[PROBLEM DESCRIPTION]
Your output is to hold only the lines from the one showing "Alice + Olivia" through the end of the listing, exactly, with every picture excluded.
━━━ MATERIAL PROVIDED
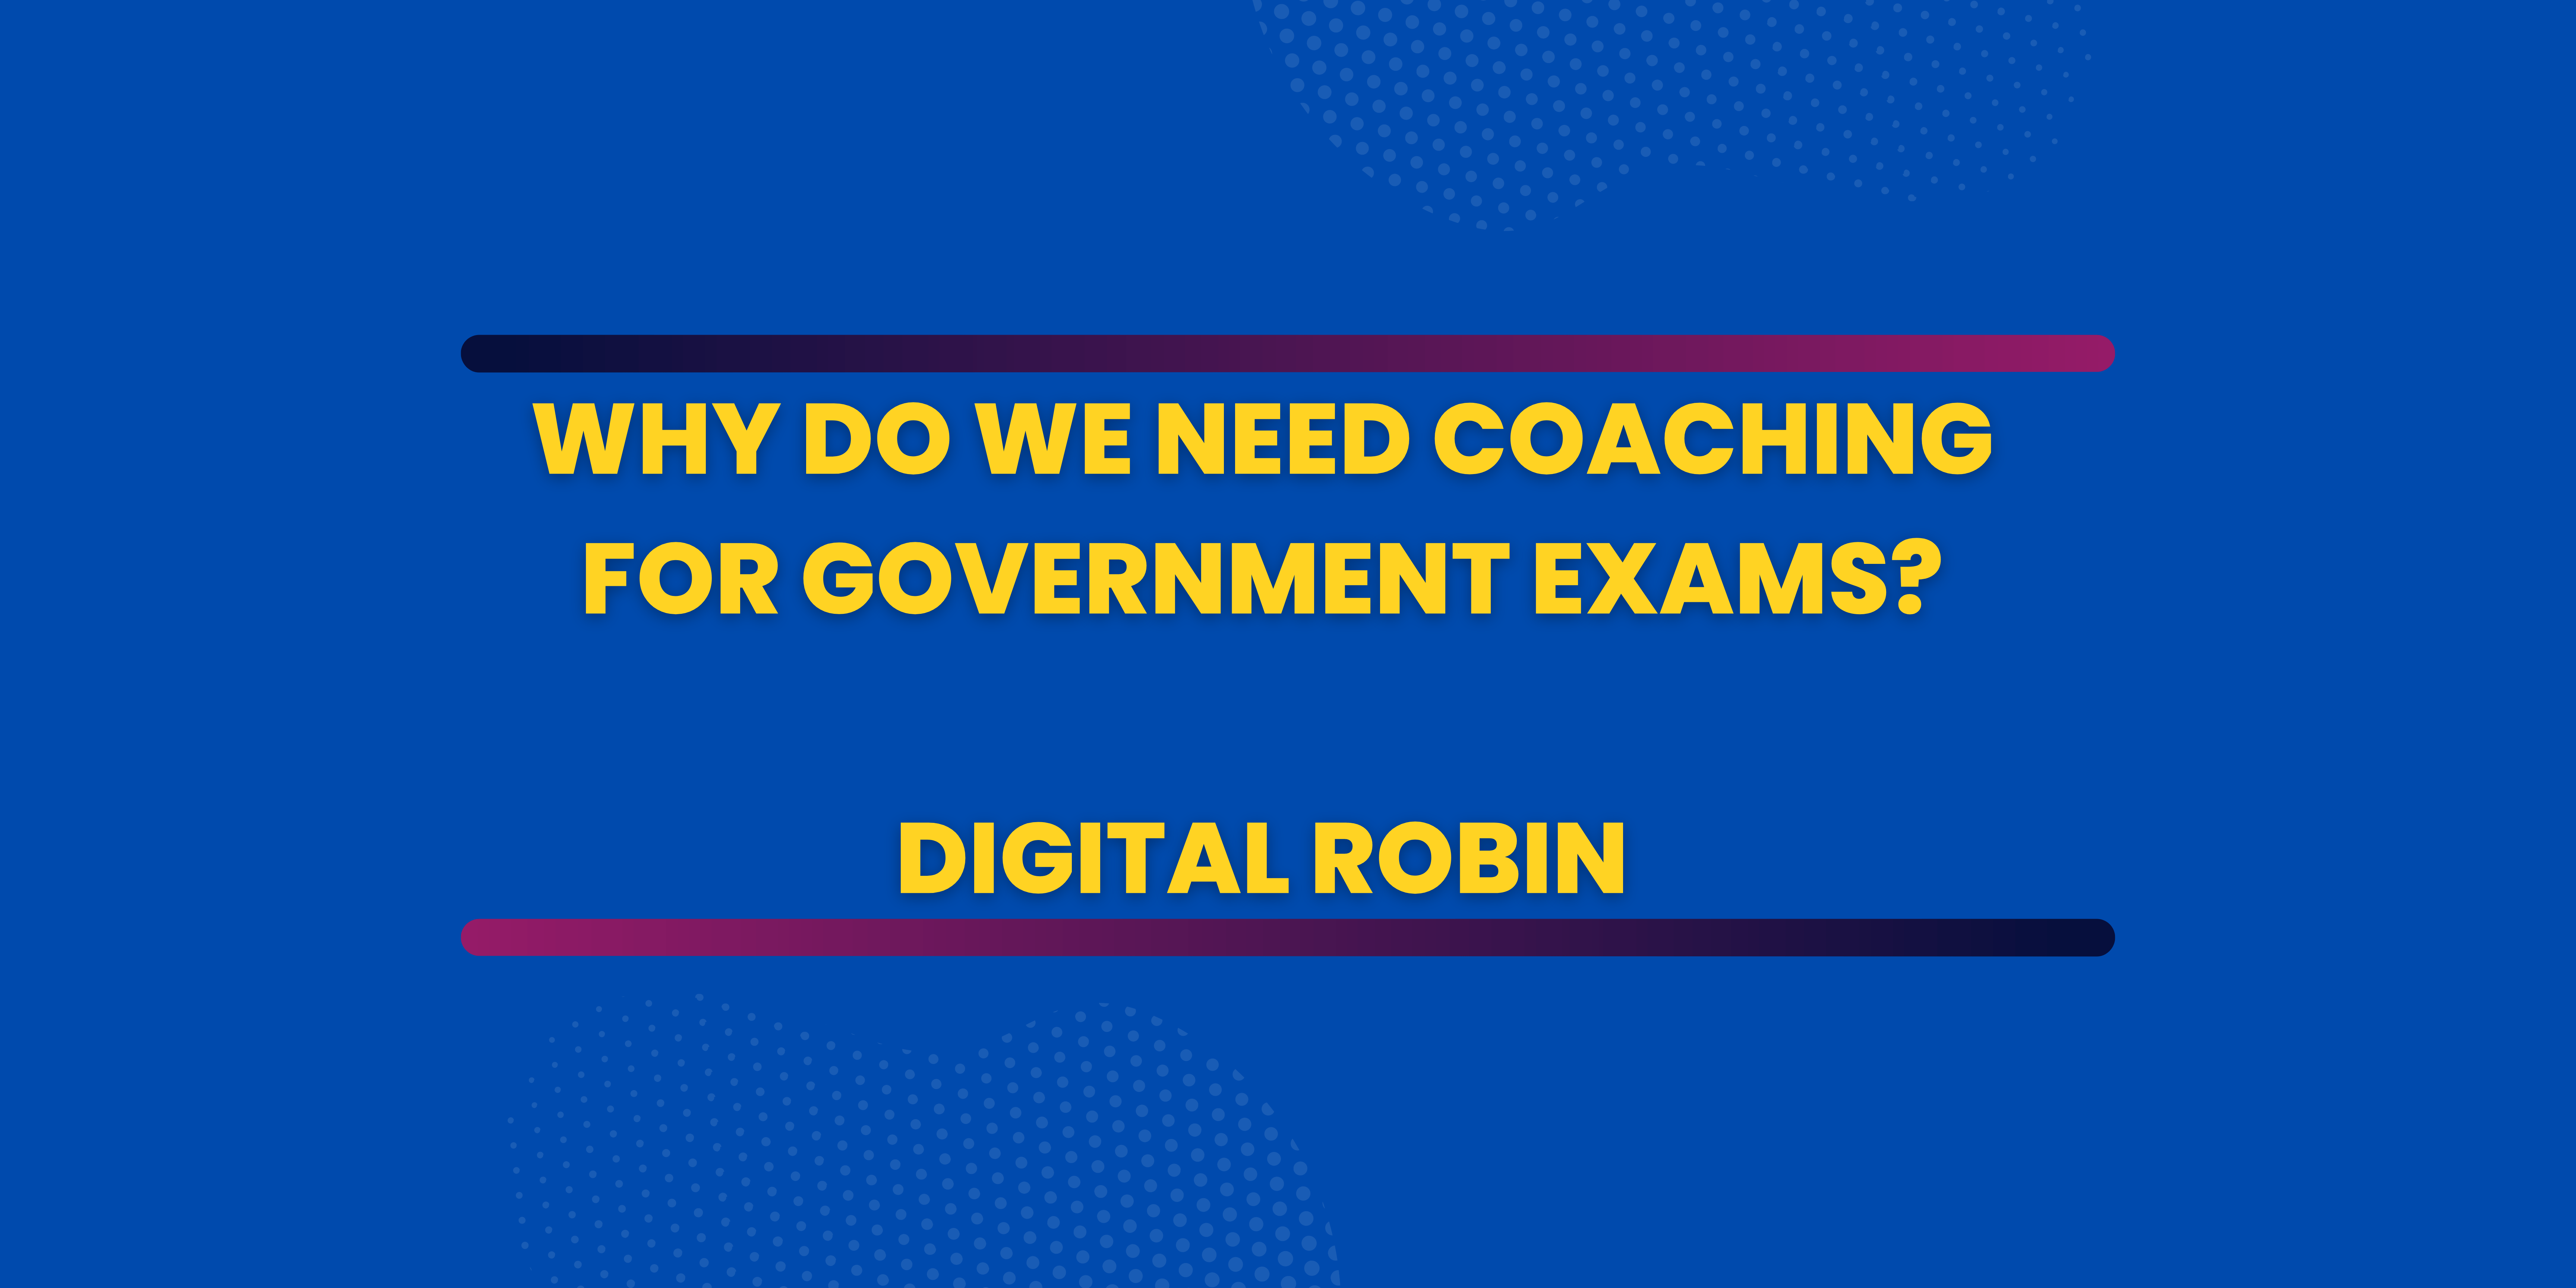 Why do we need coaching for government exams?
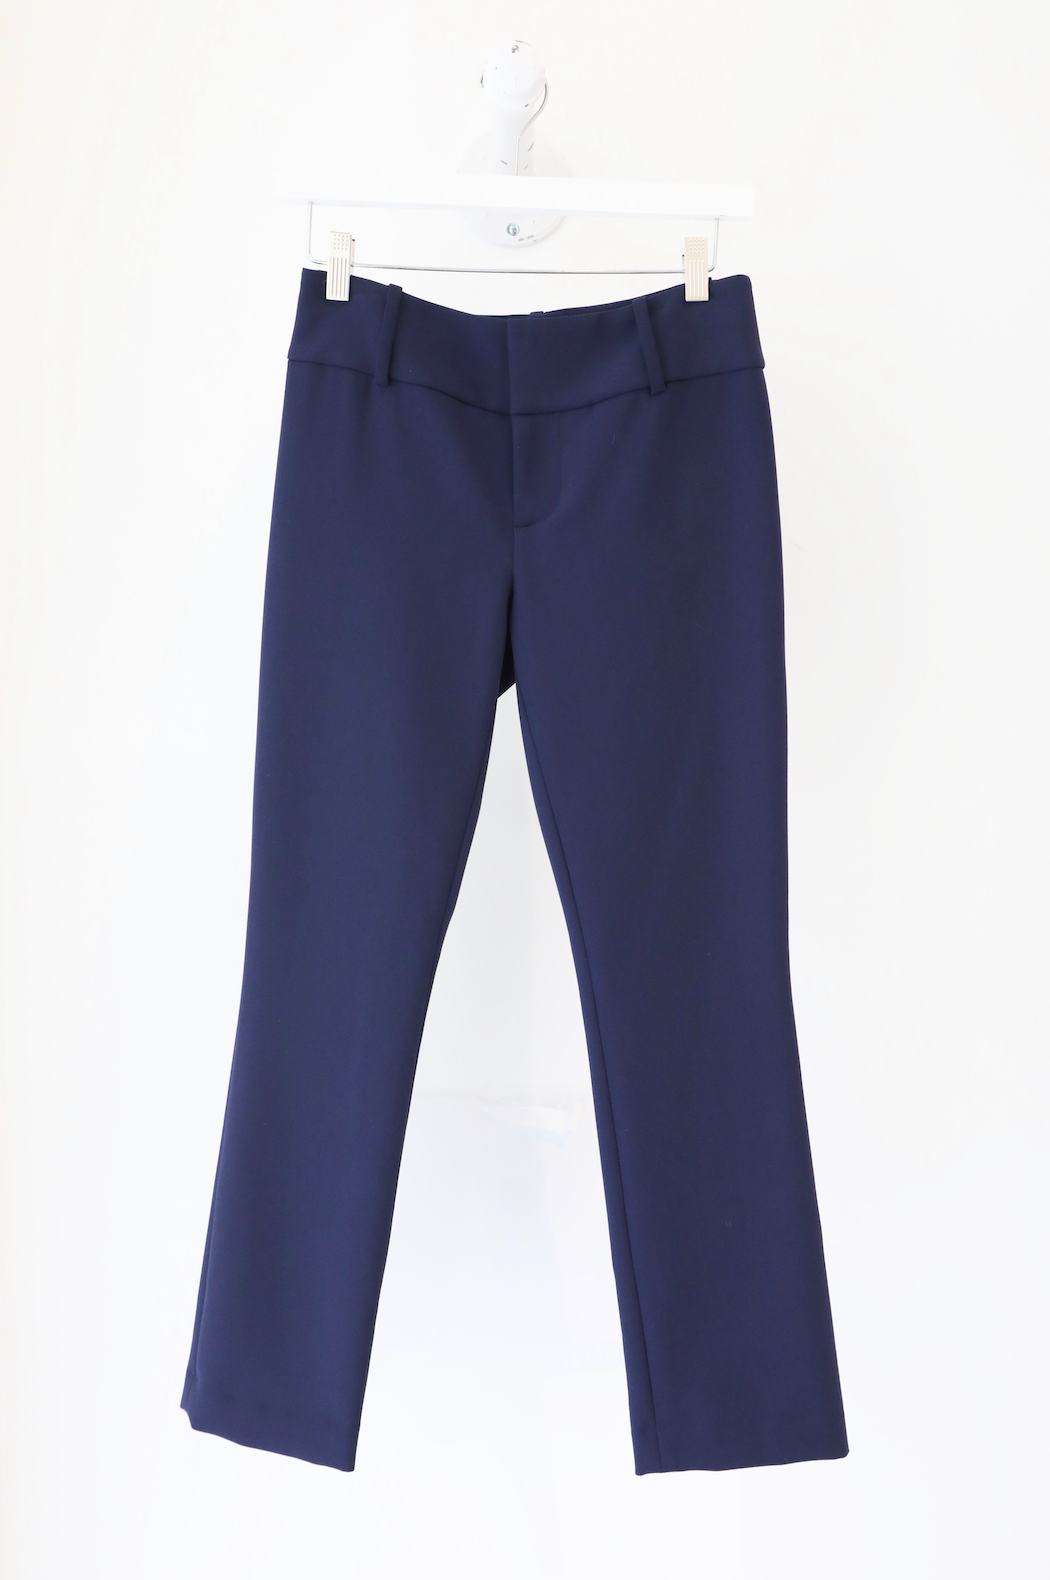 Alice + Olivia - Stacey Slim Ankle Pant in Sapphire
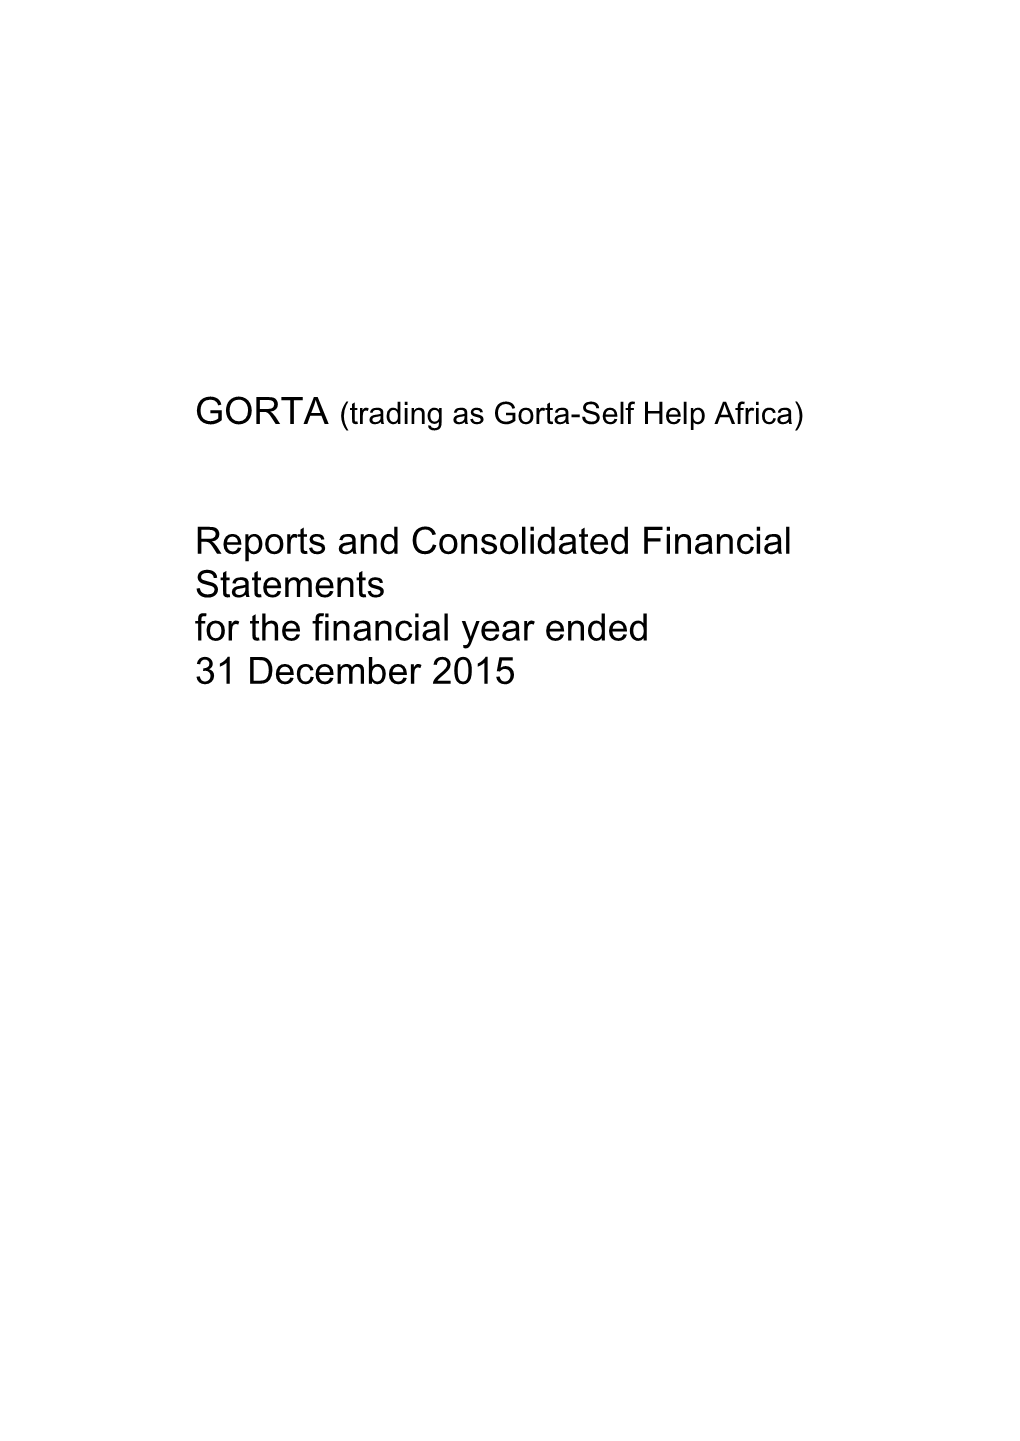 Reports and Consolidated Financial Statements for the Financial Year Ended 31 December 2015
━━━━━━
[SOLUTION FOR THIS PROBLEM]
 Alice + Olivia - Stacey Slim Ankle Pant in Sapphire
 Reports and Consolidated Financial Statements for the Financial Year Ended 31 December 2015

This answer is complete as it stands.